Documented vs. verified. The difference matters when 3 AM happens.

Acceptable proofs:
- Ran the rollback against staging with production-shaped data. Capture timing + verification query result.
- Ran against a throwaway local DB with seeded data covering the migration's edge cases.
- For backup-based: ran a restore drill within the last 90 days; the team practices this.

If untested AND breaking: auto-veto. Run the test, then re-review. The cost of testing rollback is cheap; the cost of discovering it doesn't work at deploy time is everything.

## Phase 3 — Write the report

Use `templates/migration-safety-template.md`. Structure:

1. **Summary** — 1 paragraph: what migration(s), breaking?, your verdict in headline form.
2. **Migration files** — list each path the heuristic flagged.

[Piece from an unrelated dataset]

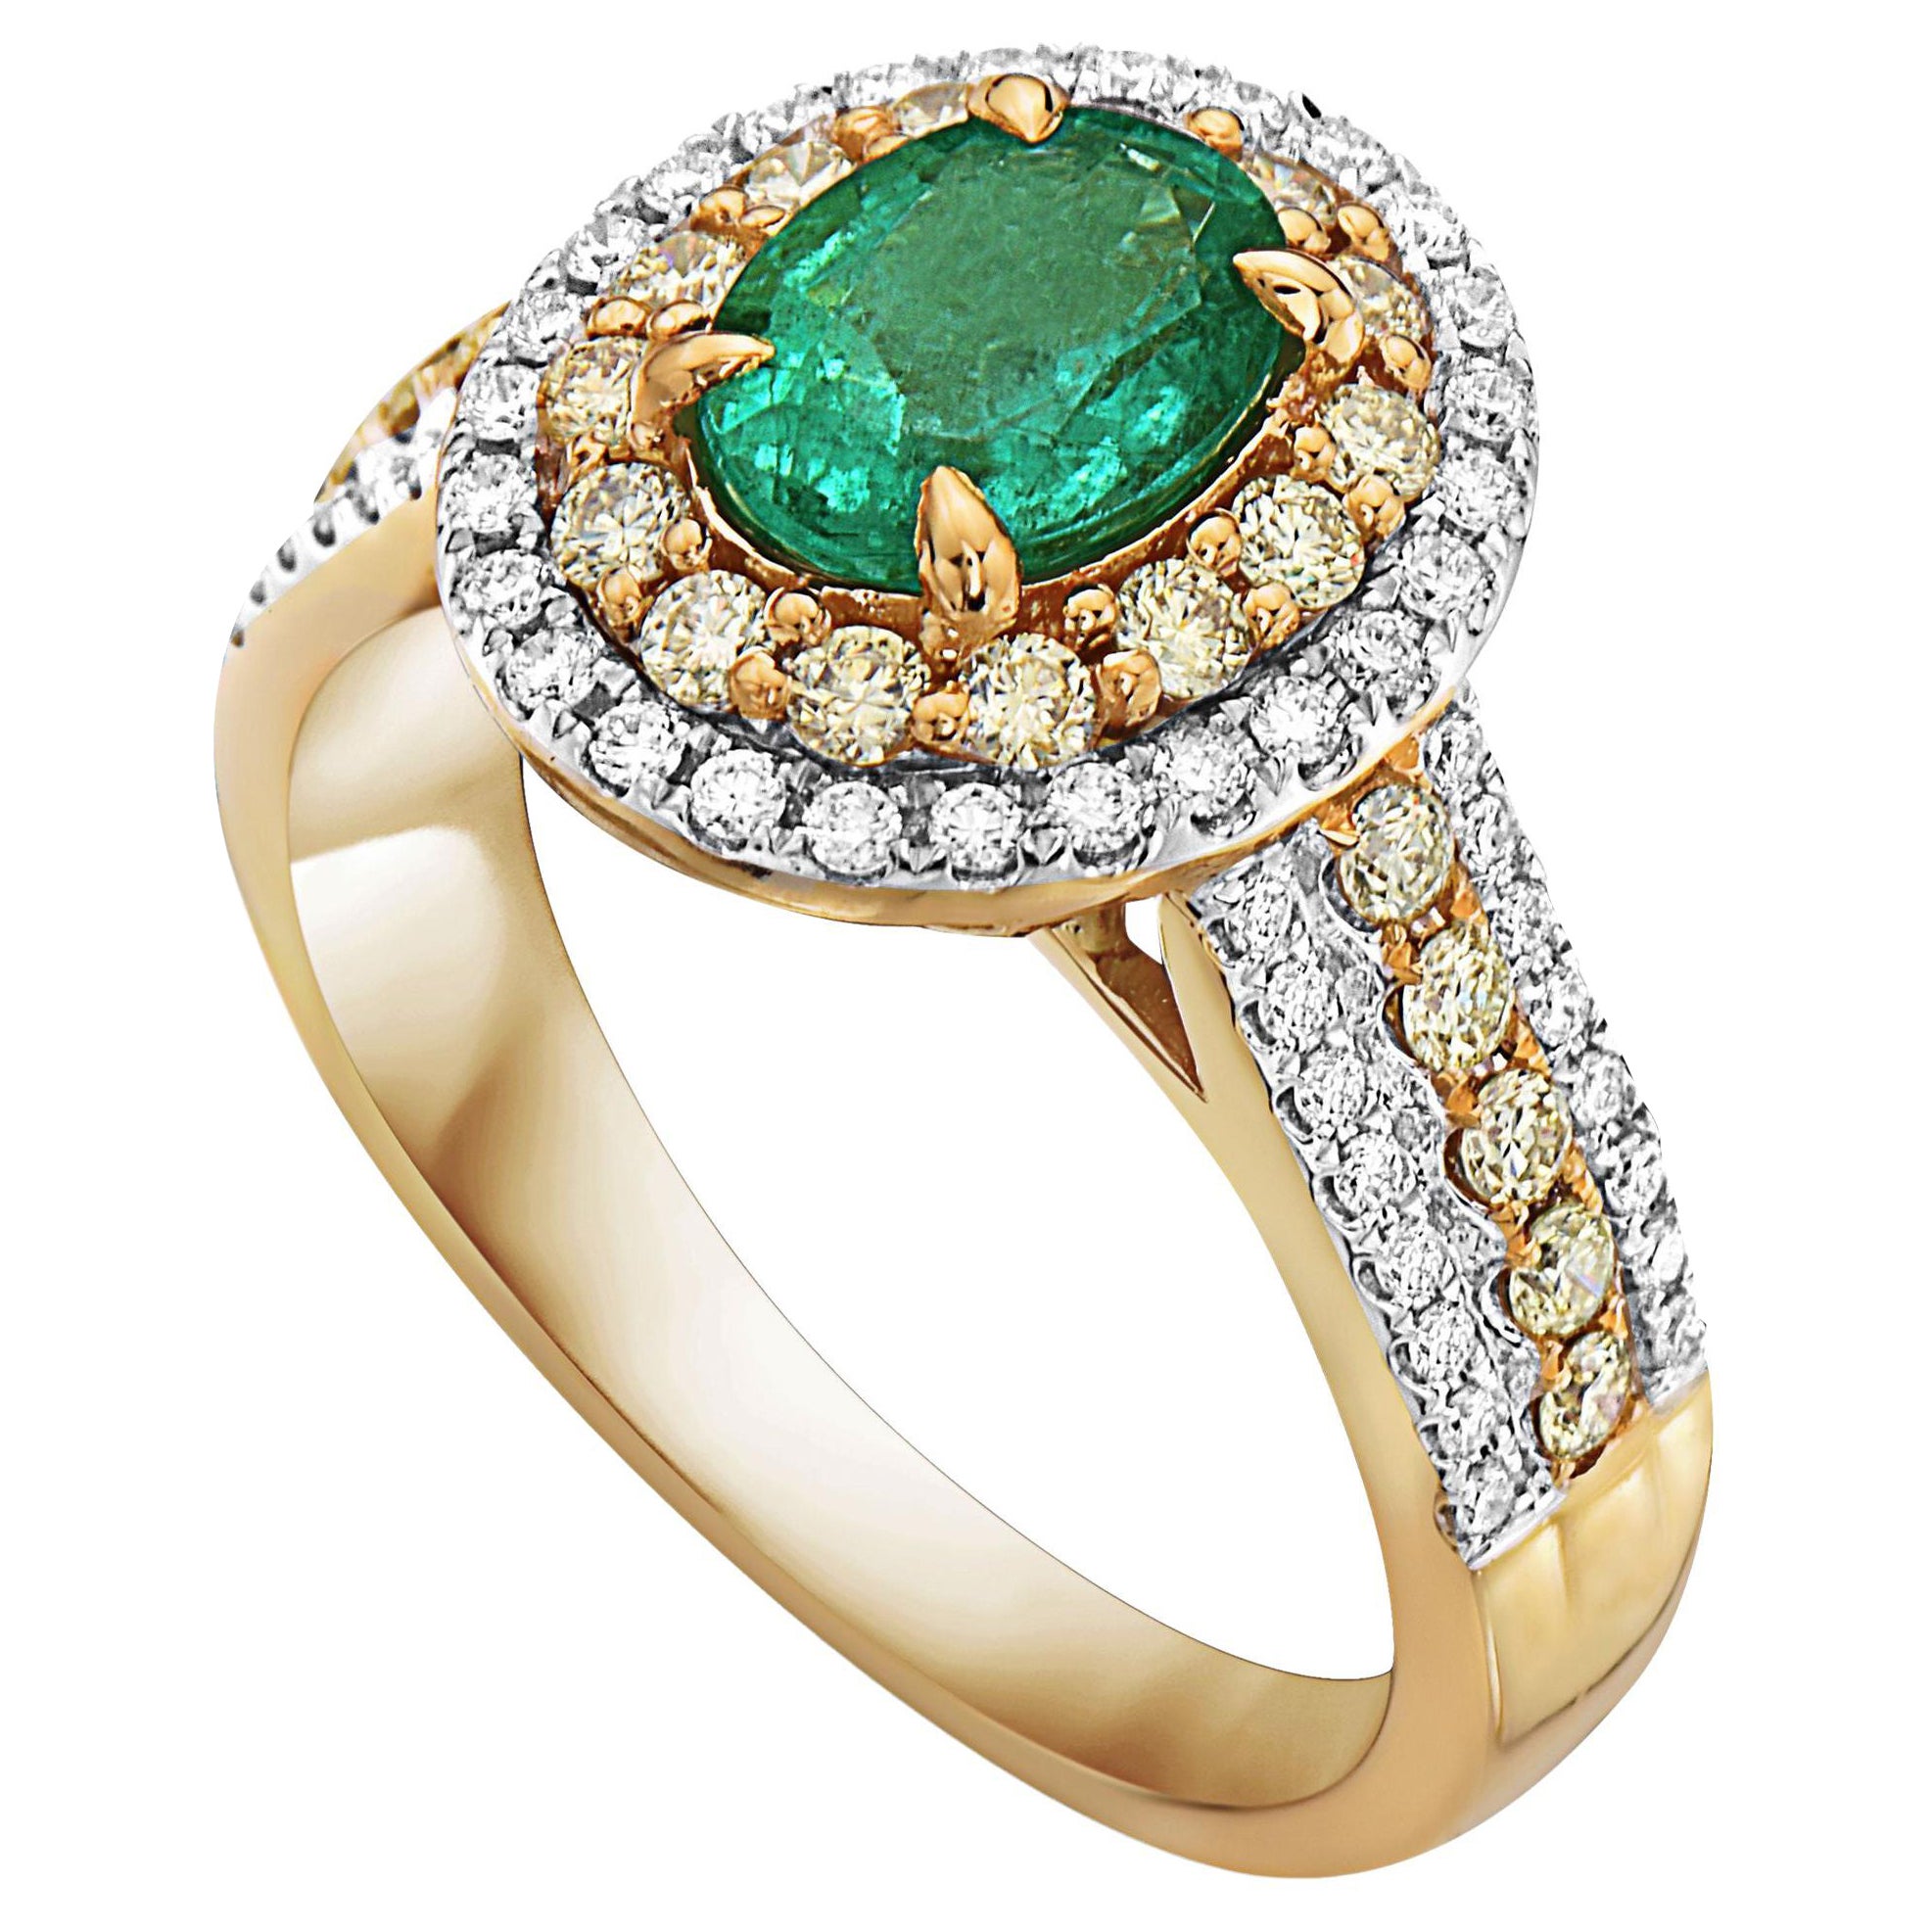 0.95 Carat Oval Emerald & Diamond Ring in 14KT Yellow Gold For Sale

The auditable trace.
3. **Per-migration analysis** — for each migration: Q1 through Q6, with concrete answers.
4. **Coordination requirements** — if breaking: how the deploy coordinates with currently-running code (feature flag, blue/green, etc.).
5. **Blockers / Warnings** — promoted findings.
6. **Approval line** — explicit PASS / FAIL / VETO with rationale.

## Phase 4 — Write the gate

`pipeline/gates/stage-04d.json`. The schema requires:

```json
{
  "stage": "stage-04d",
  "status": "PASS|WARN|FAIL|ESCALATE",
  "orchestrator": "<filled by orchestrator>",
  "host": "<filled by orchestrator>",
  "workstream": "migrations",
  "track": "<full|hotfix|config-only>",
  "timestamp": "<ISO-8601>",
  "blockers": [],
  "warnings": [],
  "migration_files": ["db/migrations/0042_add_notifications_opt_in.sql"],
  "schema_changes_summary": "Add nullable BOOLEAN column...",
  "breaking_change": false,
  "backfill_required": false,
  "backfill_strategy": "",
  "dual_write_required": false,
  "dual_write_strategy": "",
  "rollback_plan": "DROP COLUMN notifications_opt_in; documented as db/migrations/0042_rollback.sql",
  "rollback_tested": true,
  "migration_approved": true,
  "veto": false,
  "triggering_conditions": ["path:db/migrations/0042_add_notifications_opt_in.sql"]
}
```

### Status logic

- **PASS** = `migration_approved: true` AND `veto: false` AND non-empty `rollback_plan` AND (`rollback_tested: true` OR `breaking_change: false`)
- **WARN** = `migration_approved: true` AND non-breaking AND documented-but-untested rollback. Captured in `warnings[]`.
- **FAIL** = missing strategy on something required (backfill / dual-write / rollback). `blockers[]` lists what's missing.
- **VETO** = `veto: true` — irreversible structural problem. Empty `rollback_plan` on any migration is an auto-veto. Untested rollback on a breaking change is an auto-veto.

The orchestrator halts the pipeline on VETO regardless of subsequent approvals. Peer-review CANNOT override; the migrations role must personally re-review the fix.

## A note on diversity

Like other safety roles (security-engineer, red-team), migrations is most valuable when routed to a **different model** than the build agents. Different blind spots catch different things. Config:

```yaml
routing:
  default_host: claude-code
  roles:
    backend: codex
    migrations: claude-code   # explicitly different from backend
```

## What this skill is NOT

- Not a code review of business logic — that's stage-05.
- Not a security review of auth/PII/crypto — that's stage-04b (same conditional pattern, different concerns; both can fire on a single migration).
- Not a performance review — that's red-team (stage-04c) or general.
- Not a test plan — QA at stage-06 writes and runs tests; this skill verifies the data layer can be rolled back if those tests fail in production.

## Where the report goes

`pipeline/migration-safety.md`. Sits next to `pipeline/security-review.md` and `pipeline/red-team-report.md` as one of the safety-stage outputs. Read by Stage 5 reviewers as context, by Stage 7 sign-off as deploy-readiness evidence, by Stage 9 retrospective synthesis for pattern-spotting ("we keep ending up with breaking migrations — promote a lesson about coordination").